Of course I was not disappointed. But this brings me to the topic of this post. Who else after Beethoven took contrapuntal forms and made them a core feature of their music, or used them to innovate in some interesting way?


----------



## Mandryka (Feb 22, 2013)

The first thing to do is to distinguish between contrapuntal forms - structures which depend on imitation like canons - and counterpoint in the sense of polyphony, where the tension in the music results partly from the collision of independent voices. 

There are plenty of composers post Beethoven who have explored the latter, Frederick Chopin (in the later mazurkas especially) and William Carter (in the quartets 3 and 4 ) are obvious examples. 

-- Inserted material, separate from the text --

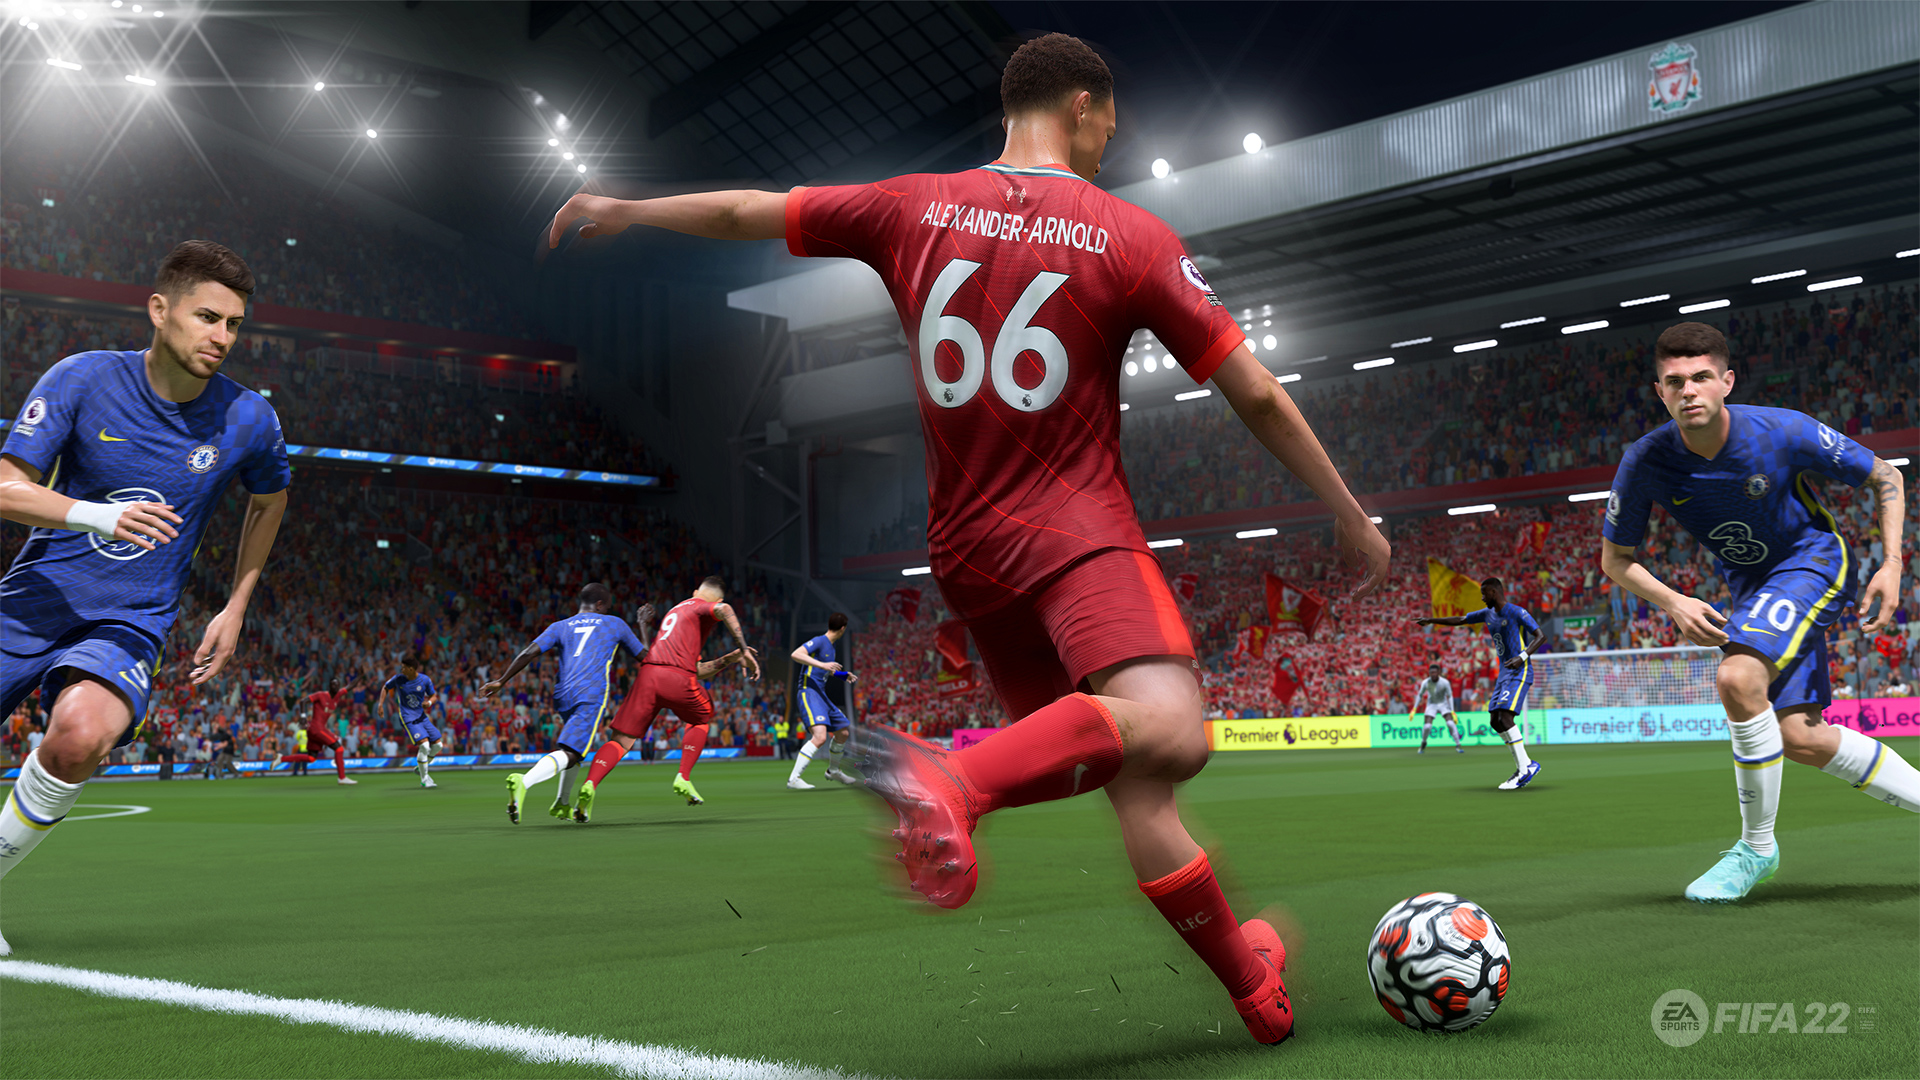 A screenshot from FIFA 22

But as far as the former is concerned, it's more difficult to think of examples apart from Max Reger and Ferruccio Busoni. True, Schubert, Schumann and Brahms wrote the odd fugue, the odd passacaglia, I'm sure someone else will give you a list, but I wouldn't want to say that they made contrapuntal forms a "core feature of their music." Someone else can give you a list of Reger's most interesting fugues too I expect, I don't know the music. 

Busoni is particularly interesting because so much of his contrapuntal music is inspired by Bach's, and indeed quotes Bach's. You could start with the sonata contrappuntistica, I'm not so keen on his music at the moment, unfortunately. 

At the back of my mind I have the idea that these forms may figure importantly in Hindemith, but I may be misremembering.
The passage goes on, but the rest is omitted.